All of the Loan-Specific Certificates, having an aggregate initial principal amount of $62,250,000, were sold to GS&Co. and DBSI (together, in such capacities, the “Loan-Specific Initial Purchasers”), pursuant to a loan-specific purchase agreement, dated as of January 24, 2020, among the Depositor and the Loan-Specific Initial Purchasers. The Loan-Specific Certificates were sold to the Loan-Specific Initial Purchasers in a transaction exempt from registration under the Securities Act of 1933, as amended (the “Act”), pursuant to Section 4(a)(2) of the Act.
The Certificates and the Pooled RR Interest represent, in the aggregate, the entire beneficial ownership in GS Mortgage Securities Trust 2020-GC45 (the “Issuing Entity”), a common law trust fund formed under the laws of the State of New York pursuant to the Pooling and Servicing Agreement. The assets of the Issuing Entity consist primarily of 52 fixed-rate mortgage loans (the “Mortgage Loans”) and a subordinate interest in one commercial mortgage loans (the “Trust Subordinate Companion Loan”) secured by first liens on 152 commercial and multifamily properties. The Mortgage Loans and the Trust Subordinate Companion Loan were acquired by the Depositor from (i) Goldman Sachs Mortgage Company (“GSMC”), pursuant to a mortgage loan purchase agreement, attached hereto asExhibit 99.1 and dated as of January 1, 2020 (the “GSMC Mortgage Loan Purchase Agreement”), between the Depositor and GSMC, (ii) Citi Real Estate Funding Inc. (“CREFI”), pursuant to a mortgage loan purchase agreement, attached hereto asExhibit 99.2 and dated as of January 1, 2020 the “CREFI Mortgage Loan
Purchase Agreement”), between the Depositor and CREFI, and (iii) German American Capital Corporation (“GACC” and, together with GSMC and CREFI, the “Sponsors”), pursuant to a mortgage loan purchase agreement, attached hereto asExhibit 99.3 and dated as of January 1, 2020 (the “GACC Mortgage Loan Purchase Agreement”, and together with the GSMC Mortgage Loan Purchase Agreement and the CREFI Mortgage Loan Purchase Agreement, the “Mortgage Loan Purchase Agreements”), between the Depositor and GACC.
The compensation for the Mortgage Loans and the Trust Subordinate Companion Loan paid to the Sponsors included net proceeds of the sale of the Certificates. The net proceeds to the Depositor of the sale of the Certificates, after deducting expenses payable by the Depositor in connection with the issuance and distribution of the Certificates of approximately $5,876,088, were approximately $1,381,194,317. Of the expenses paid by the Depositor, approximately $632,733 were paid directly to affiliates of the Depositor, approximately $682,733 in the form of fees were paid to the Underwriters and the Initial Purchasers, approximately $170,000 were paid to or for the Underwriters and the Initial Purchasers, and approximately $5,023,355 were other expenses. All of the foregoing expense amounts are the Depositor’s reasonable estimates of such expenses. No underwriting discounts and commissions or finder’s fees were paid by the Depositor.

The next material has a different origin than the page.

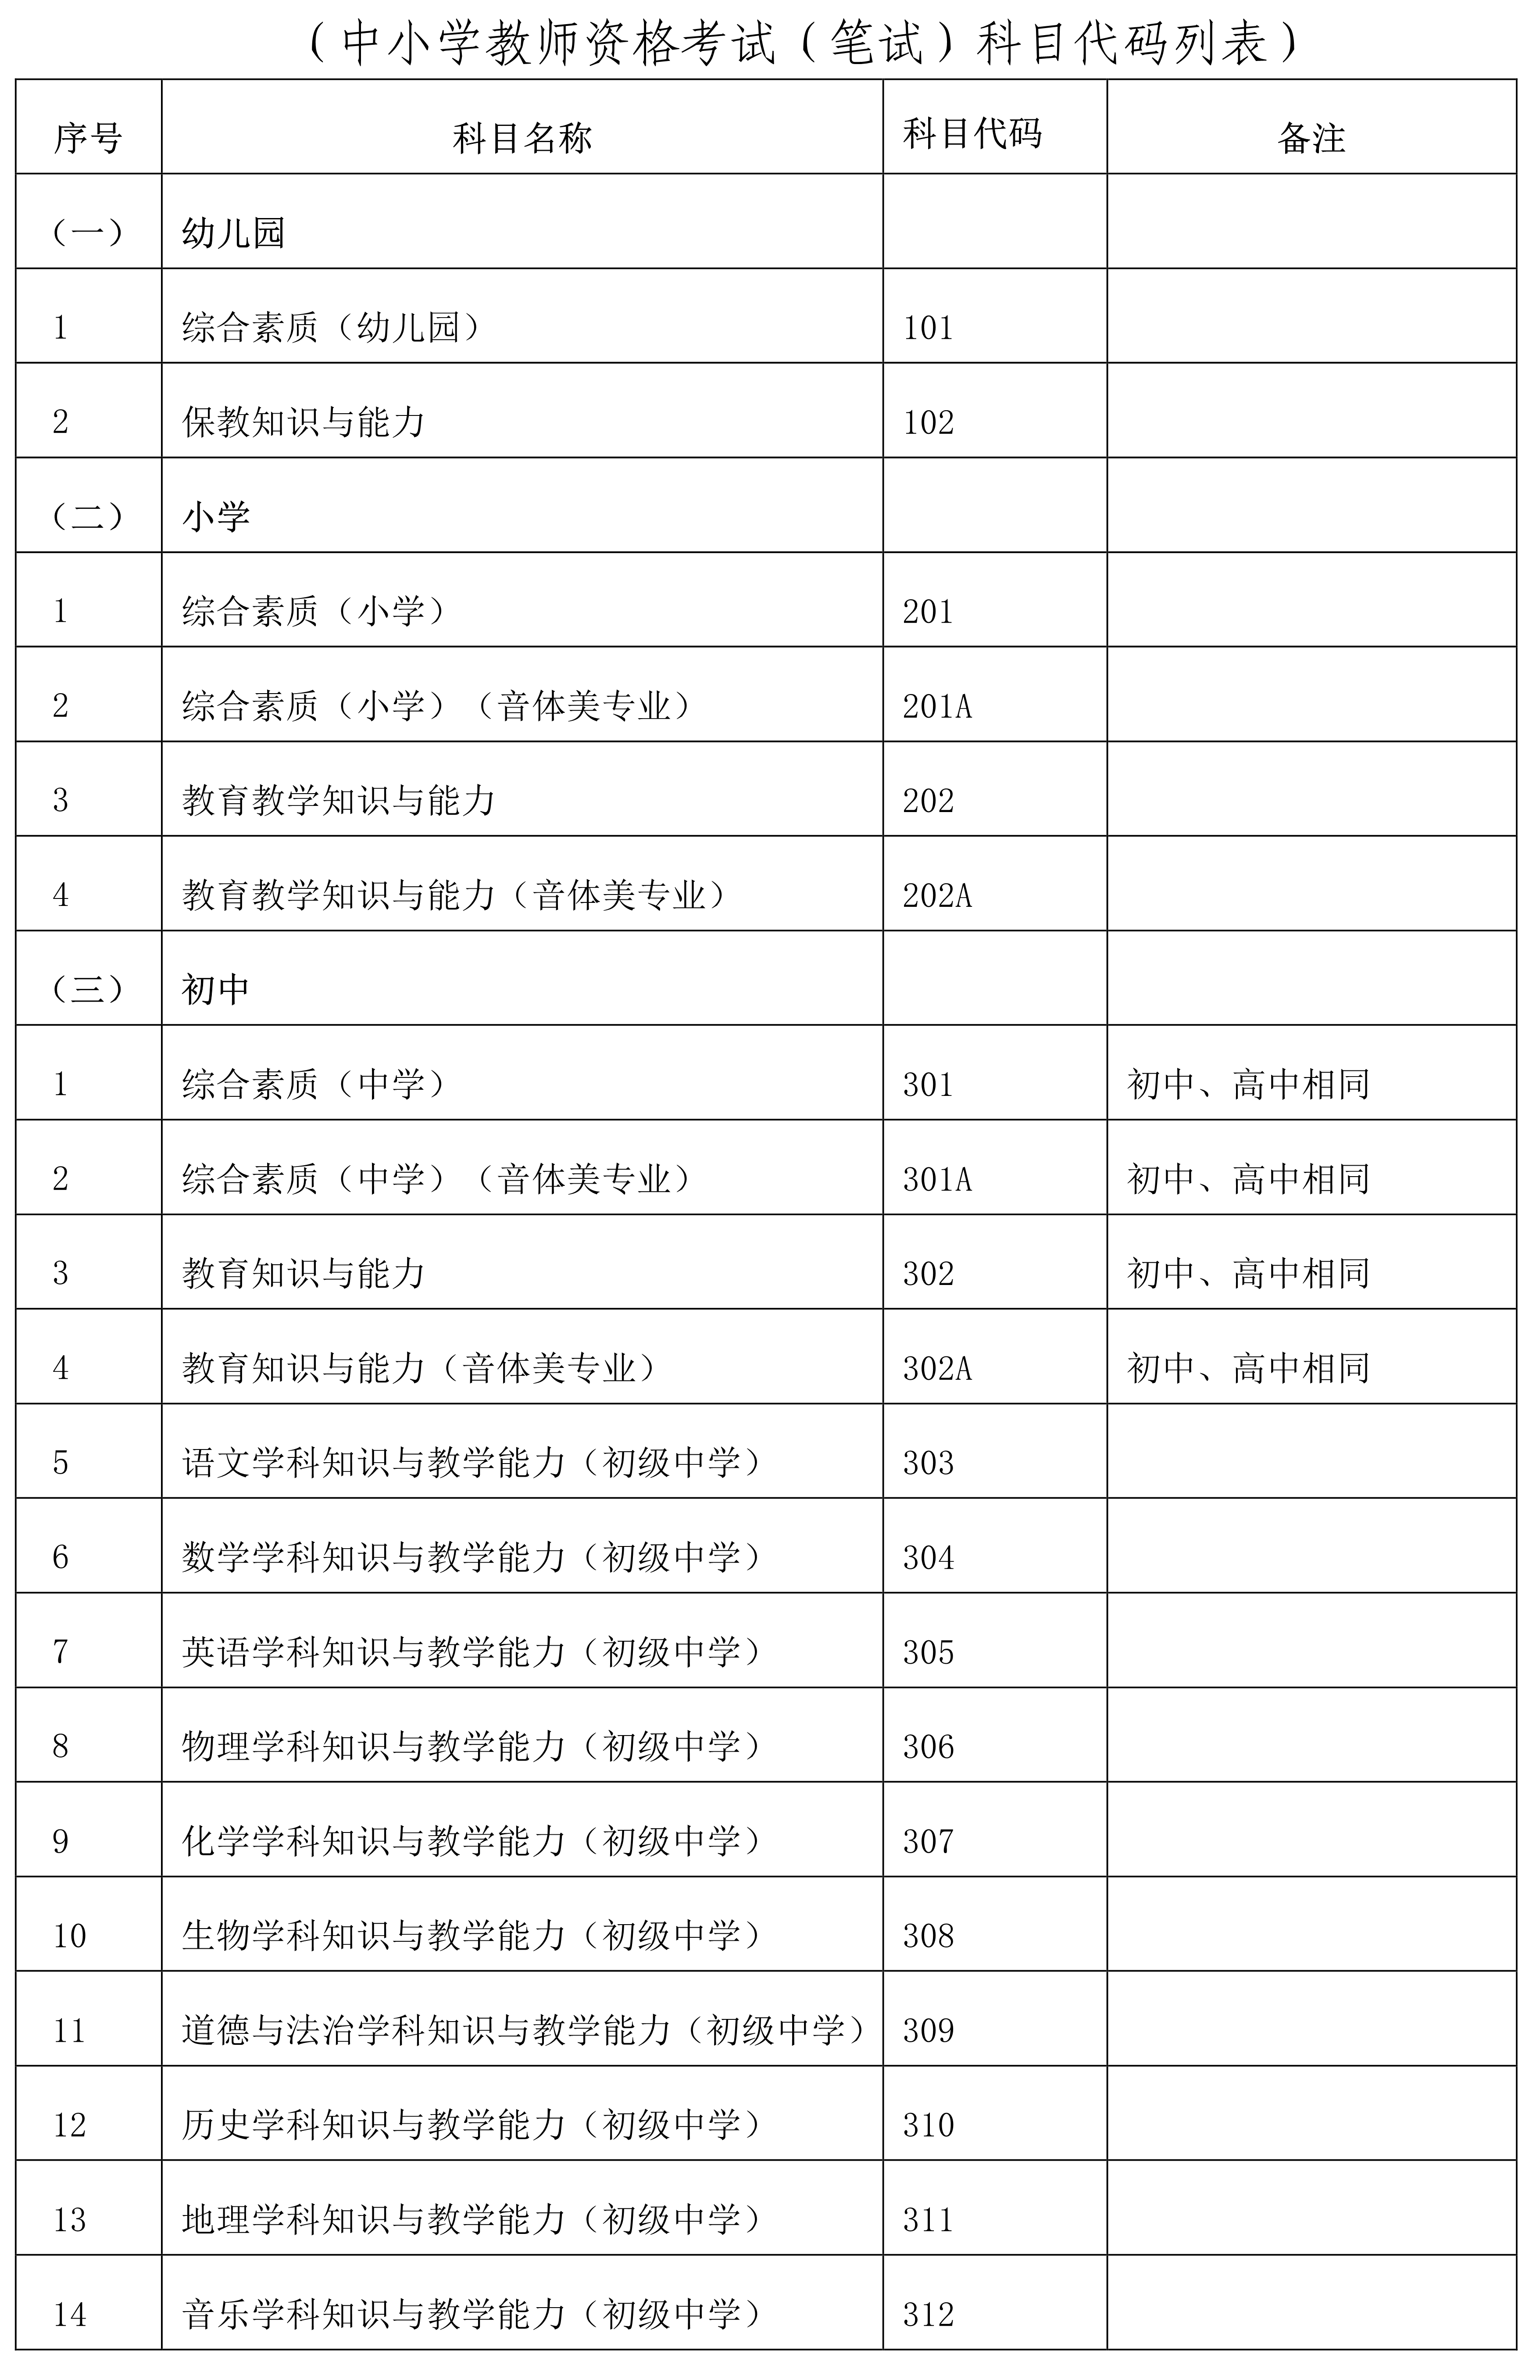 海南省2022年下半年中小学教师资格考试笔试报名公告

Further information regarding such sales relating to the price per class of Public Certificates is set forth on Schedule II to the Underwriting Agreement.
Further information regarding such sales has been previously provided in the Depositor’s Prospectus, dated January 16, 2020. The related registration statement (file no. 333-226082) was originally declared effective on December 21, 2018. In connection with such Prospectus, the Chief Executive Officer of the Depositor has provided the certification attached hereto asExhibit 36.1 and dated as of January 16, 2020.

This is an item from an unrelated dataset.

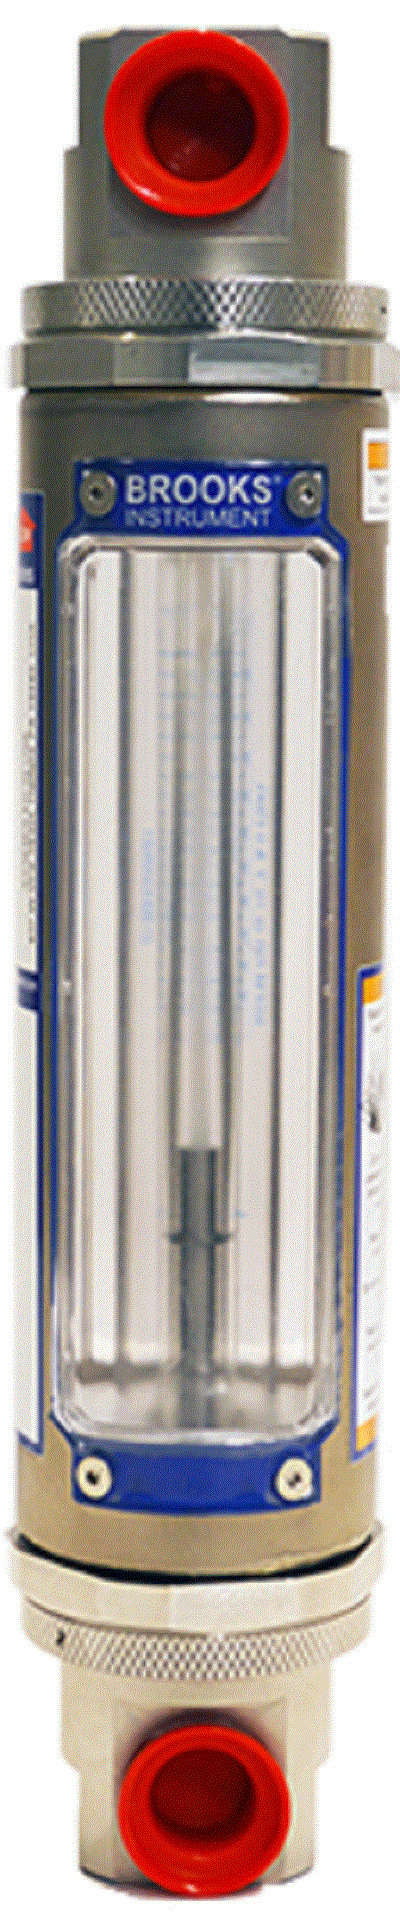 Ротаметр стеклянный для измерения расхода жидкости и газа BROOKS GT1307 Расходомеры

GSMC, in its capacity as “retaining sponsor” (in such capacity, the “Pooled Retaining Sponsor”) is satisfying its credit risk retention obligation under Regulation RR, 12 C.F.R. Part 244 (the “Risk Retention Rule”) in connection with the securitization of the Mortgage Loans referred to above by (i) the purchase on the Closing Date and holding by KKR CMBS II Aggregator Type 1 L.P., acting as a third-party purchaser under the Risk Retention Rule, of the Class F-RR, Class G-RR and Class H-RR Certificates (the “HRR Certificates”), (ii) the purchase of the Class RR Certificates by CREFI and Deutsche Bank AG, New York Branch (“DBNY”) from the Depositor (which is deemed to be purchased from the Depositor by the Retaining Sponsor and from the Retaining Sponsor by CREFI and DBR Investments Co. Limiited (“DBRI”) and from DBRI by DBNY as a “majority-owned affiliate” (as defined in the Risk Retention Rule) of DBRI), and (iii) the purchase of the Pooled RR Interest by the Pooled Retaining Sponsor from the Depositor.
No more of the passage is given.